Question: A scooterist follows a track on the ground that turns to his left by an angle of \[60{}^\circ \] aft...

Question

A scooterist follows a track on the ground that turns to his left by an angle of $60{}^\circ$ after every 400m. Starting from the given point displacement of the scooterist at the third and eighth turn are:
A. $800m;0m$
B. $800m;800\sqrt{3}m$
C. $800m;400\sqrt{3}m$
D. $800;800\sqrt{3}m$

Answer 1

Solution

If the scooterist turns $60{}^\circ$ after every 400 m, he will follow the path of a hexagon. To calculate the displacement, we will calculate the shortest distance from the origin to the point where the scooterist took the third turn. The same process will be repeated for the eighth turn.

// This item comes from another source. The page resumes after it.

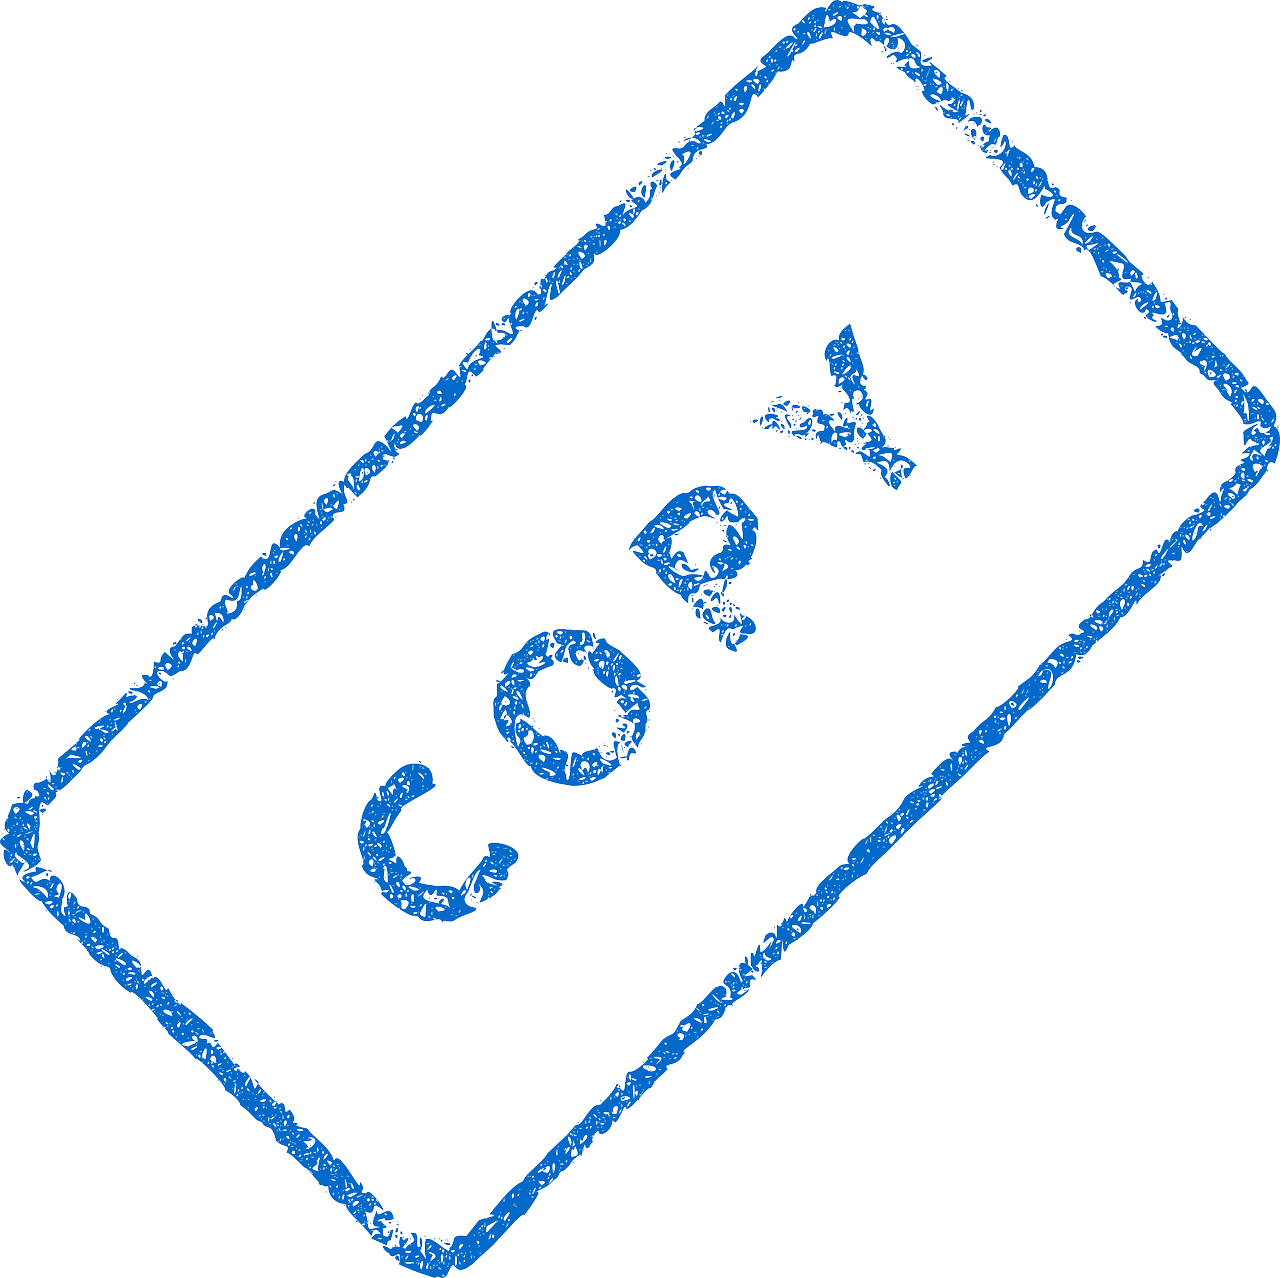 copy business document free photo

Complete step-by-step solution:
__
As shown in the figure, the length of line 0-M-N-3 is given by say L
Therefore,
$L = 0M + MN + N3$ …………….. (1)
From the figure, we can say that length 0M is given by
$0M = 400\; \cos 60{}^\circ m$
Similarly, using the trigonometric ratios we can find other lengths
$MN = 400 m$
$\Rightarrow N3 = 400 \; \cos 60{}^\circ m$
Therefore, after substituting the obtained values in equation (1).
We get,
$L = 400\; \cos 60{}^\circ m + 400m + 400\; \cos60{}^\circ m$
Therefore,
$L= (2)(400) m$
$\Rightarrow L = 800 m$
Therefore, the displacement of the scooterist at the third turn is 800 m. ……………. (A)
Similarly, let us find the distance between 0-8.
Therefore,
$0-8 = 0S + S8$ …………….. (2)
In the figure, the angle at point 1 made by line 0-1-2 is 120 degrees. Now, the two sides of the hexagon are equal. Therefore, by property of the isosceles triangle, the remaining angle can be given as 30 degrees.
Therefore,
$0-8 = 400\; \cos 30{}^\circ + 400\; \cos 30{}^\circ$
$\Rightarrow 0-8 = 2\times (400\times \dfrac{\sqrt{3}}{2})$
$\Rightarrow 0-8 = 800 \sqrt{3}$ m
Therefore, displacement of the scooter at the eighth turn is 800 $\sqrt{3}$ m. ……………..(B)
From (A) and (B),
The correct answer is option D.

Note: Displacement is defined as the shortest distance between the initial point and the final point. Displacement is independent of the path. It is a vector quantity that means it has magnitude as well as direction. We have not been asked the direction in this question.